What I argued in my research built upon the work of others, and basically suggested that digital technologies create digital space. On a very fundamental level, when that electrical power first starts to flow through any digital technology, it turns that technology from being a static lump of metal, plastic and glass into the vessel for a new form of space itself - digital space. This space is unlike any other we have known. Critically though, this space is unformed - it is in itself a theoretical construct. What we actually experience is digital place - a digital place is what some human has then done with digital space. Digital space is the potential, digital place the realised actual.

Let me try and clarify that with an example. Digital space is odd, because it's never existed before the advent of electricity. Before this it wasn't possible to create new digital space, and this digital space differs fundamentally from real space in one special way - it has no form in its (theoretical) pure state. All things in the real world are formed from other natural products, their form is in part dictated by the form of the substances they are made from. But digital space has no form before someone starts writing code in that space. That code then gives rise to digital place. This leads to an odd property of digital places - they all contain the thinking of a human, they are in effect all embedded cognition. In the real world I might come across a nut, a bird, perhaps a wave, chances are that no human has ever designed or influenced one of these. Not so in digital places - they are fundamentally human, and as such they can never be neutral, they always contain some sense of the individuals who made them. Code gives rise to experience, but that code is always written by a human, and as such reflects that humans own perspectives.

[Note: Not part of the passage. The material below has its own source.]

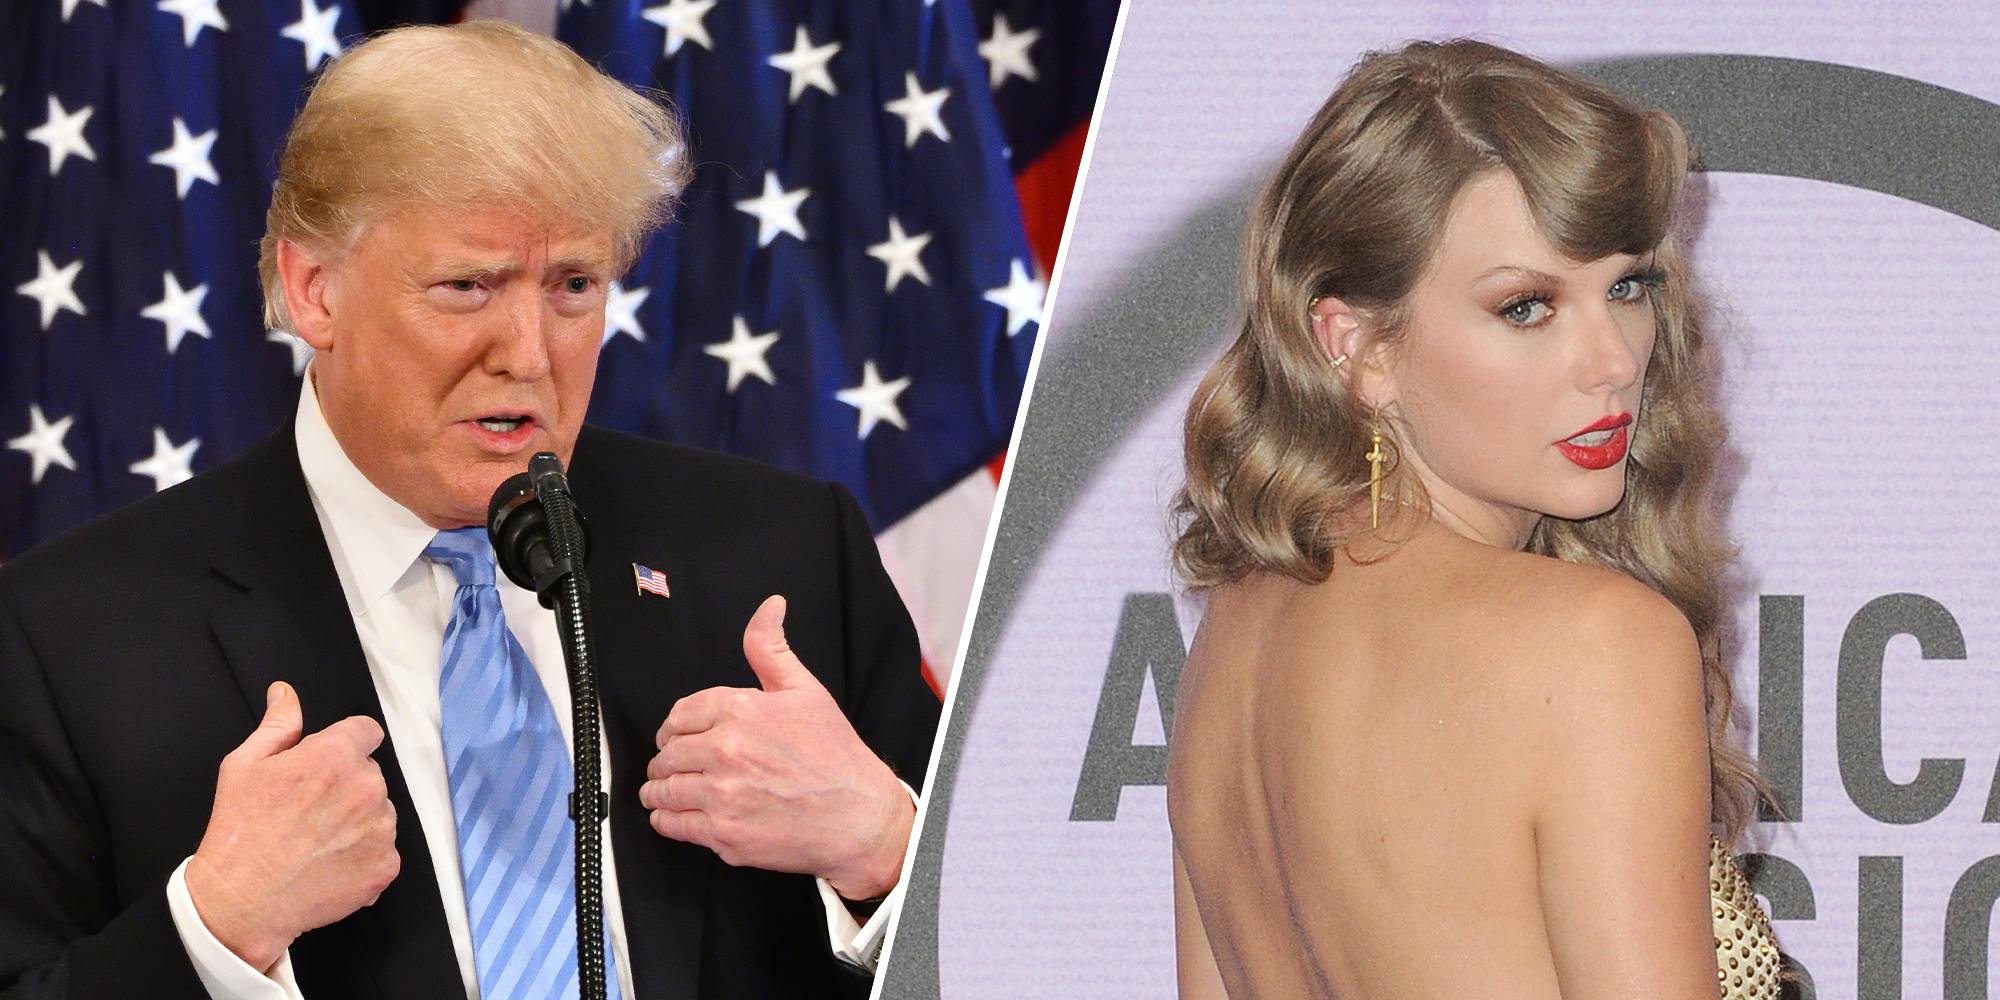 Did Taylor Swift call out Trump on X

This brings me back to Google, Facebook and others. I was struck by this passage in the article I first linked to:
"We call them platforms, networks or gatekeepers. But these labels hardly fit. The appropriate metaphor eludes us; even if we describe them as vast empires, they are unlike any we’ve ever known. Far from being discrete points of departure, merely supporting the action or minding the gates, they have become something much more significant. They have become the medium through which we experience and understand the world."
I think was this misses is that we are always moving within a medium through which we experience and understand the world. It's called our culture, and it's defined by our background, our politics, our religions, etc. When I walk out my front door the way I experience the world will in large part be defined by where I live and how I've been brought up. Our existence is deeply tied to our space and place, what our politicians decide, what our neighbours do, how the powerful and privileged in our district behave, all this shapes our experience of the world and hence shapes us.

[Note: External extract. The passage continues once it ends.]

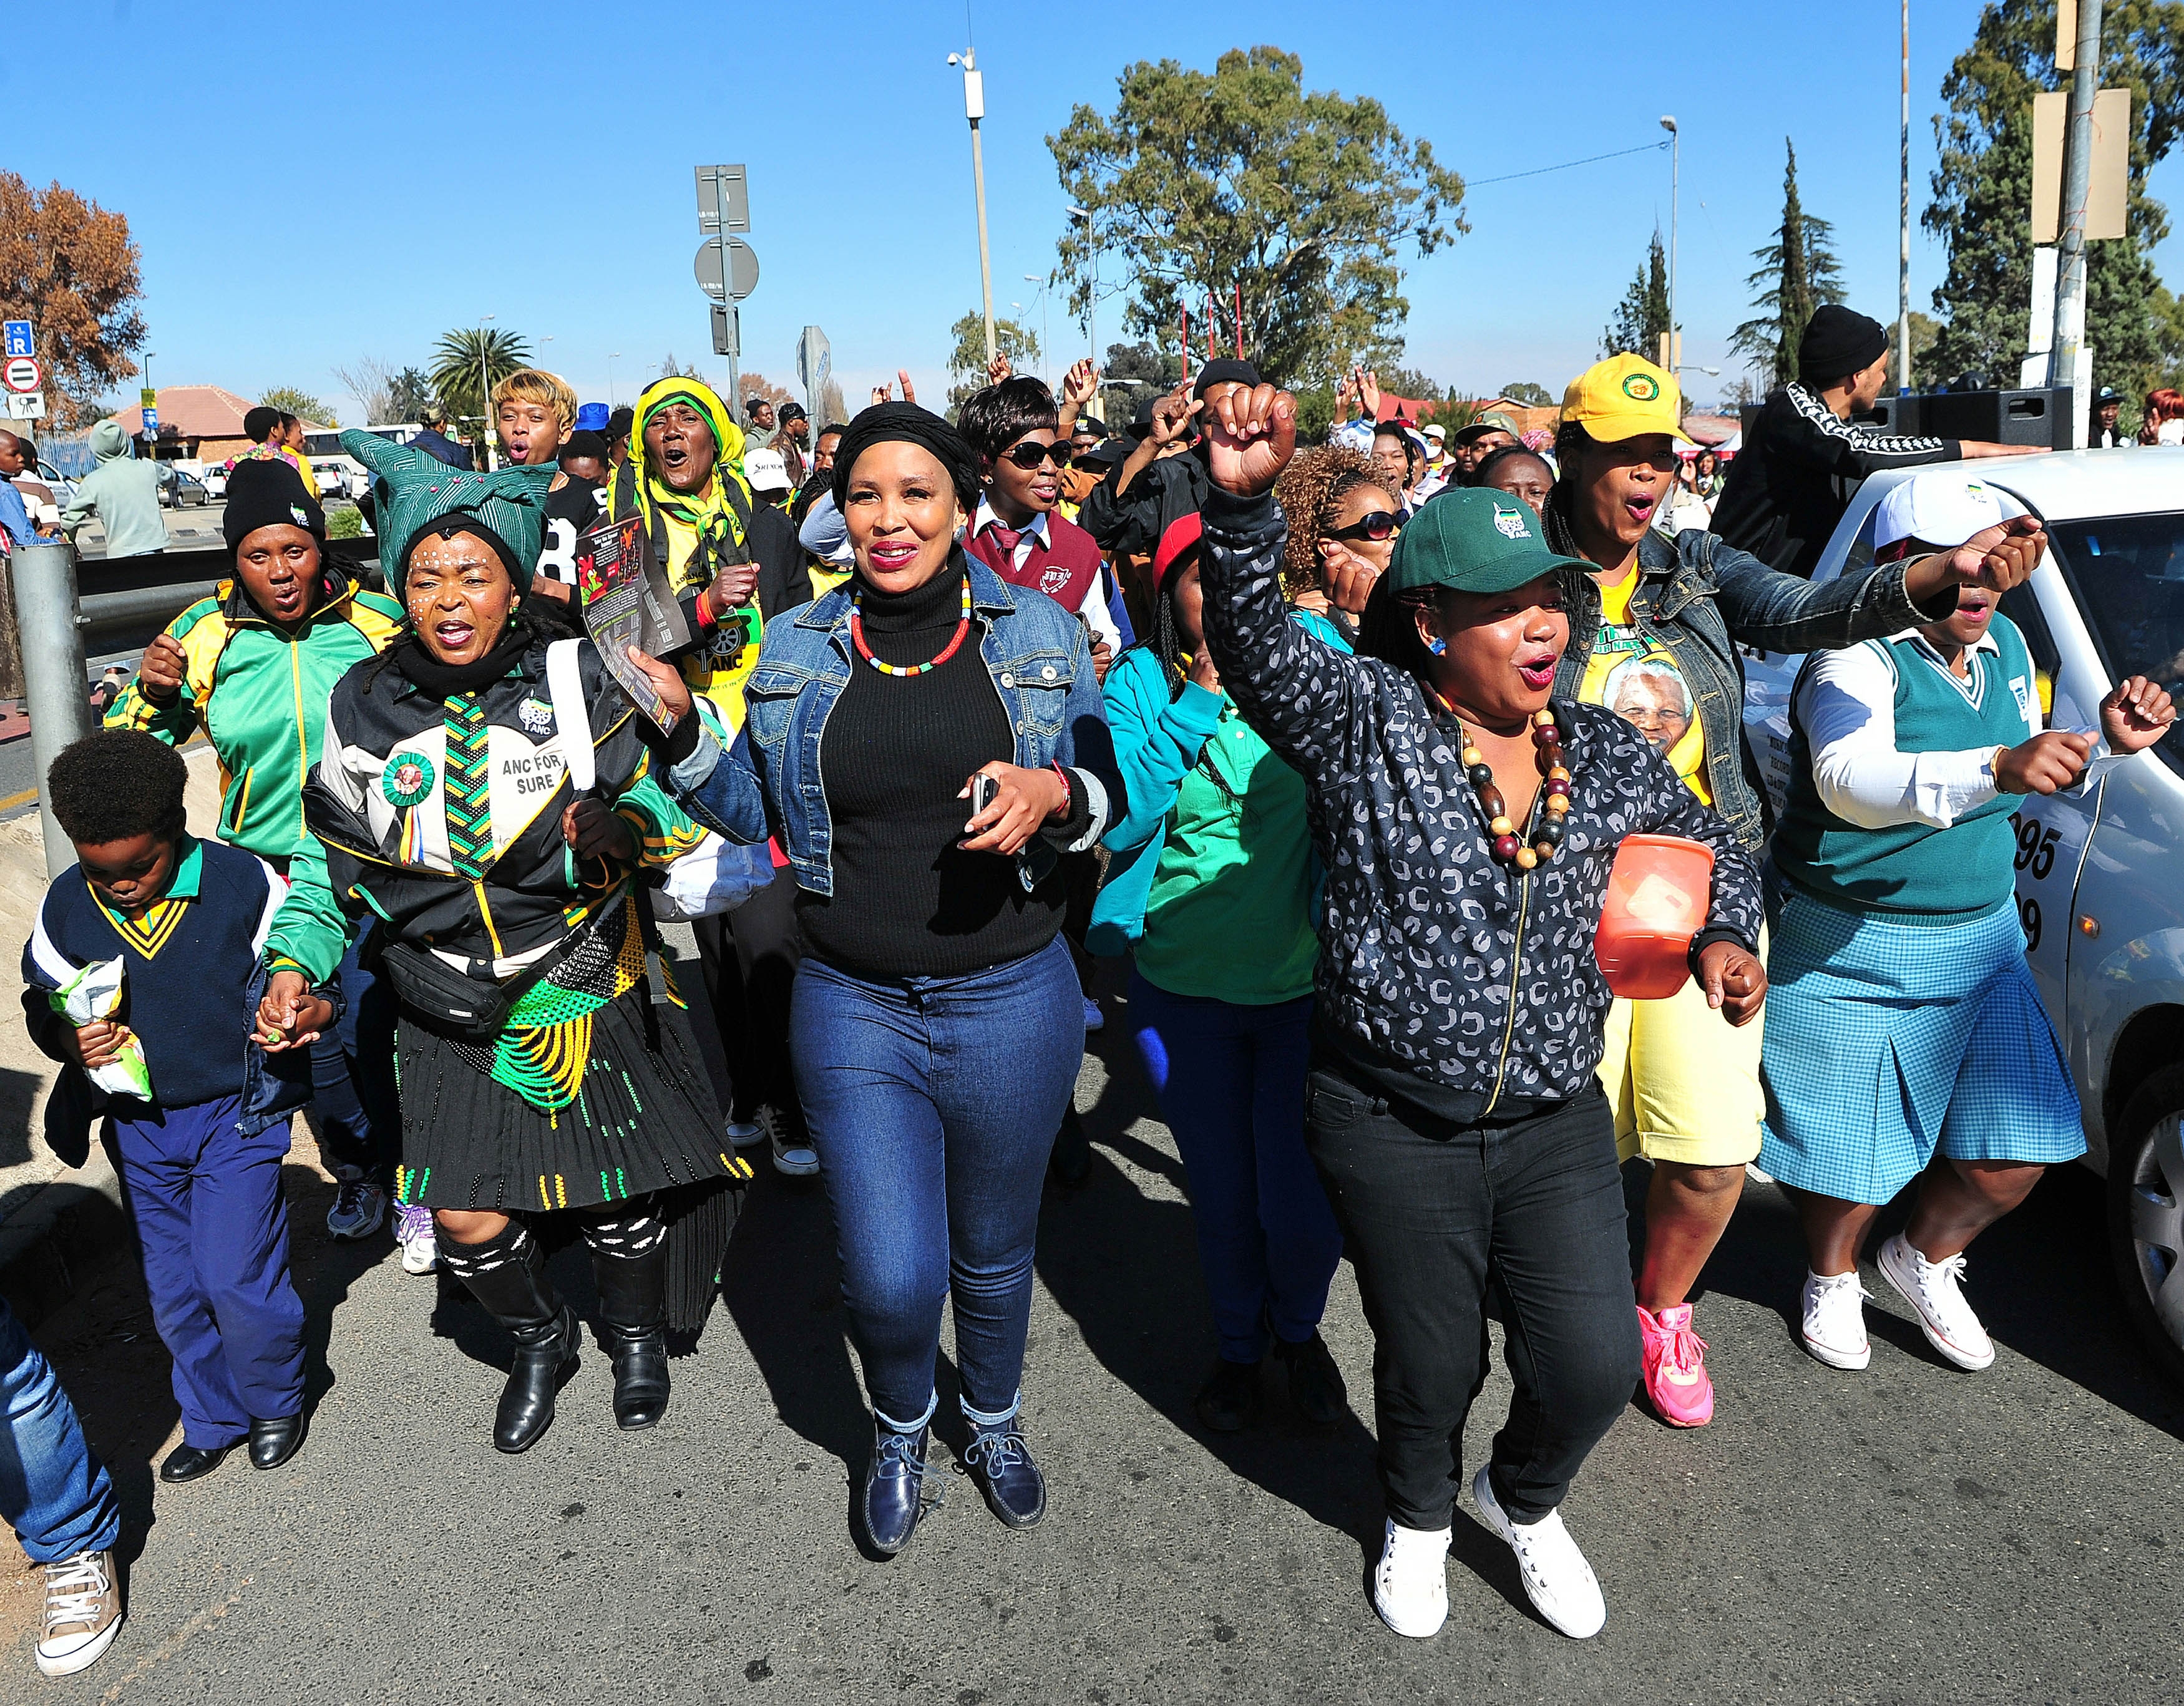 SOWETO, SOUTH AFRICA  JUNE 16: People march to the national commemoration of the 40th anniversary for the June 16, 1976 uprising at Orlando Stadium on June 16, 2016 in Johannesburg, South Africa. Speaking at the event, President Jacob Zuma appealed to young people to stop violent protests and the looting of infrastructure. (Photo by Gallo Images / Sowetan / Veli Nhlapho)

Exactly the same thing applies to digital spaces and places - only in these digital spaces and places the culture is harder to spot, and the embedded cognition of those who have made it is not as obvious - but much, much more complex and all pervading. We may think we're just visiting a website, but actually we're peering into, and moving through, digital places which have incredible complexity and power, whose every link, every image, every comment is a reflection of someone else's thinking - and on a level which is mind bogglingly more intense than any other space or place we've yet invented. Digital places are like normal places on steroids, in terms of their potential to influence.

I use three simple statements that help to clarify the nature of digital technology for me:

  1. Digital technologies creates digital space. This is a new type of space, a space we've never experienced before.
  2. Digital space has no rules; it is made from nothing and therefore it has no previous form to influence its nature.
  3. We create digital places in this digital space; whomever creates the places, creates the rules.

In this context of Google and Facebook, what I think this leads to is an understanding that these new digital places influence us, but only in the same way that every space and place we visit influences us. But potentially these digital places also free us from the constraints of the physical, and allow many more people to be part of the digital culture that is increasingly shaping us all. It's not just Google and Facebook trying to change us, it's every single coder and contributor to those digital places having an influence on a every other person there; it's the biggest mix and up and shake down of culture you can imagine, where culture becomes much more a distributed artefact, a constantly shifting product of the multitude. And here's the clincher. It's not - yet - governed by the same people who control the real space we inhabit, much though they try and regulate it. They struggle with it's boundless nature, the cultural norms we're used to start to break down within it, because it doesn't obey the rules of the real. It doesn't obey lines on a map, rules on a page, sun down or sun up, The only rules it has are what we make for it.

I work in education and technology, and I see on a daily basis how developers and educators try to constrain and organise digital technology so they can make it more effective for them. But to my mind, this is the wrong way of thinking about digital technology. What I get really excited about is the idea that digital space is different, and it has no rules. What we need to do is embrace this difference, not try to emulate the real world but to break away from it and try things that - up to now - haven't been possible. Digital spaces, and hence digital places, are still the new wild west - it's up to us to create new ways of engaging within them. They're not a threat, they're a possibility.